Die Berufung muss innerhalb einer Notfrist von einem Monat nach Zustellung dieses Urteils schriftlich bei dem Landgericht Essen, Zweigertstr. 52, 45130 Essen, eingegangen sein. Die Berufungsschrift muss die Bezeichnung des Urteils, gegen das die Berufung gerichtet wird, sowie die Erklärung, dass gegen dieses Urteil Berufung eingelegt werde, enthalten.
Die Berufung ist, sofern nicht bereits in der Berufungsschrift erfolgt, binnen zwei Monaten nach Zustellung dieses Urteils schriftlich gegenüber dem Landgericht Essen zu begründen.
Die Parteien müssen sich vor dem Landgericht Essen durch einen Rechtsanwalt vertreten lassen, insbesondere müssen die Berufungs- und die Berufungsbegründungsschrift von einem solchen unterzeichnet sein.

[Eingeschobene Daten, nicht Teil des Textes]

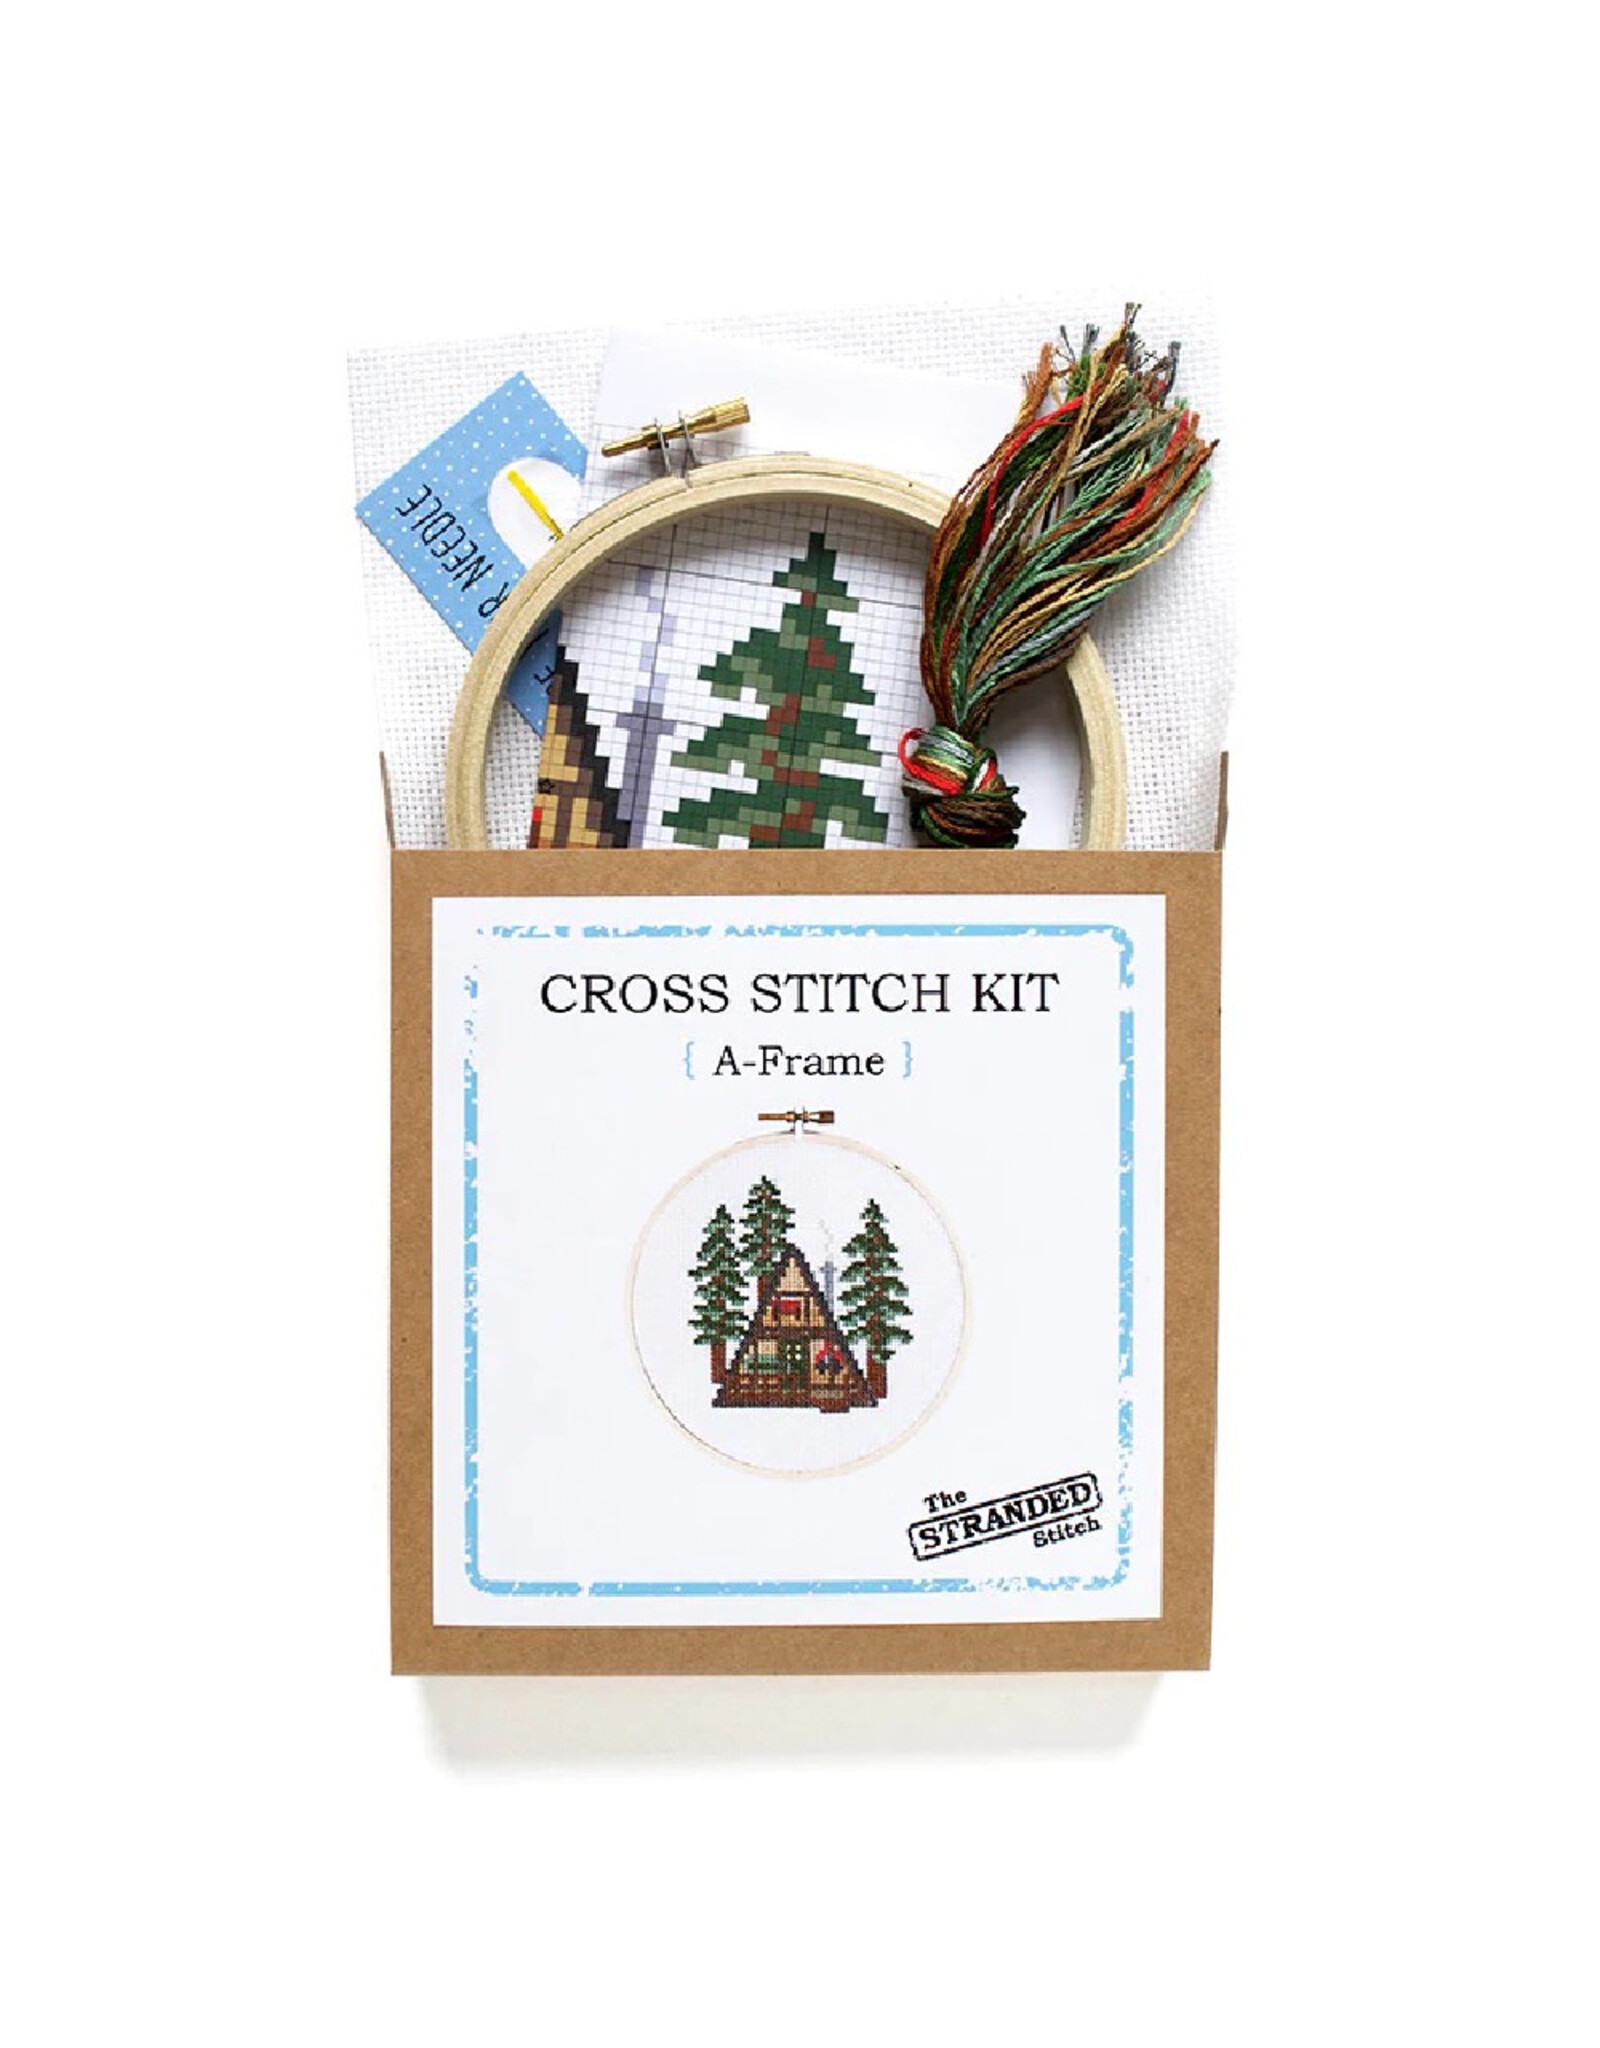 The Stranded Stitch A-Frame Cross Stitch Kit
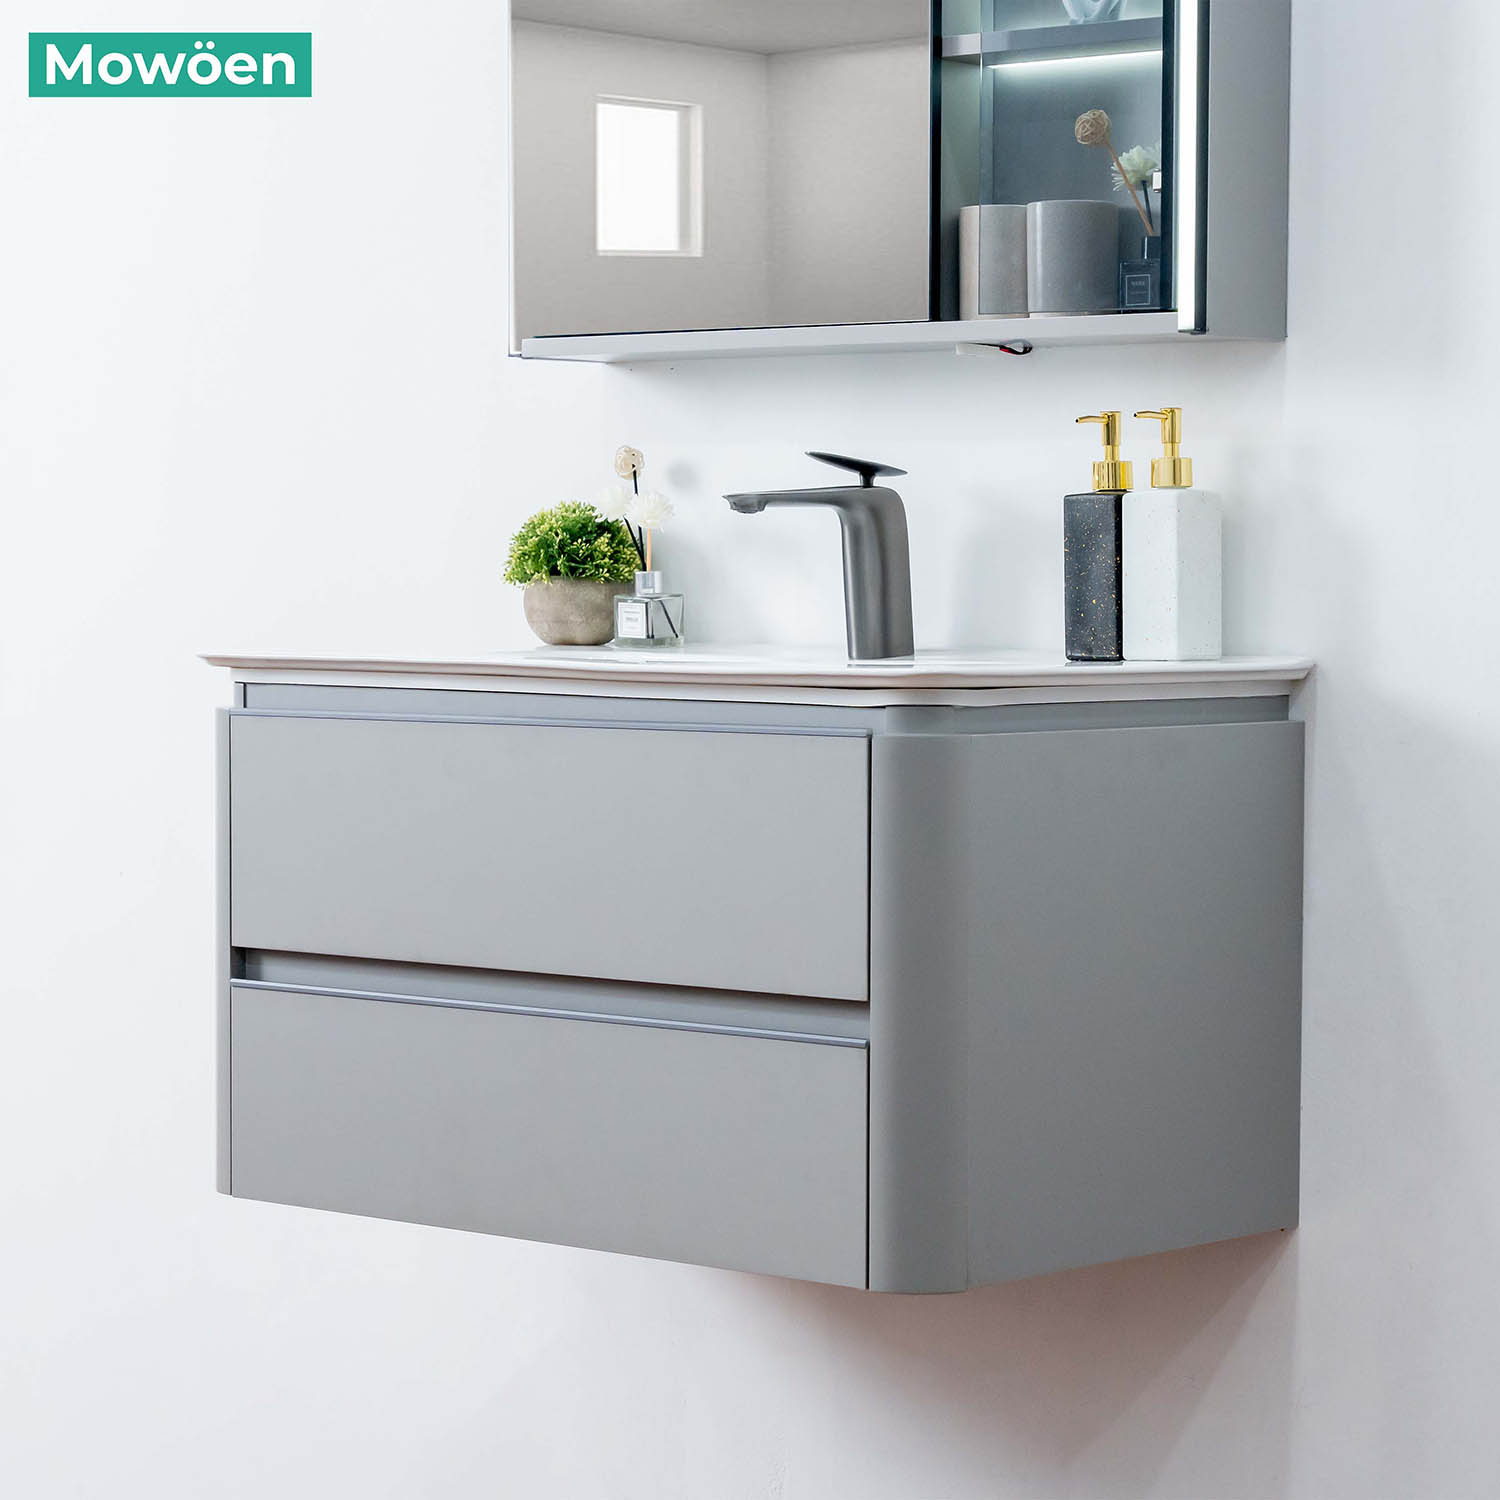 Tủ Lavabo Mowoen MW6632 – 80 chất liệu Plywood treo tường phòng tắm

Mit der Berufungsschrift soll eine Ausfertigung oder beglaubigte Abschrift des angefochtenen Urteils vorgelegt werden.
B) Gegen die Streitwertfestsetzung ist die Beschwerde an das Amtsgericht Gelsenkirchen statthaft, wenn der Wert des Beschwerdegegenstandes 200,00 EUR übersteigt oder das Amtsgericht die Beschwerde zugelassen hat. Die Beschwerde ist spätestens innerhalb von sechs Monaten, nachdem die Entscheidung in der Hauptsache Rechtskraft erlangt oder das Verfahren sich anderweitig erledigt hat, bei dem Amtsgericht Gelsenkirchen, Bochumer Str. 79, 45886 Gelsenkirchen, schriftlich in deutscher Sprache oder zur Niederschrift des Urkundsbeamten der Geschäftsstelle einzulegen. Die Beschwerde kann auch zur Niederschrift der Geschäftsstelle eines jeden Amtsgerichtes abgegeben werden.
Ist der Streitwert später als einen Monat vor Ablauf dieser Frist festgesetzt worden, so kann die Beschwerde noch innerhalb eines Monats nach Zustellung oder formloser Mitteilung des Festsetzungsbeschlusses eingelegt werden.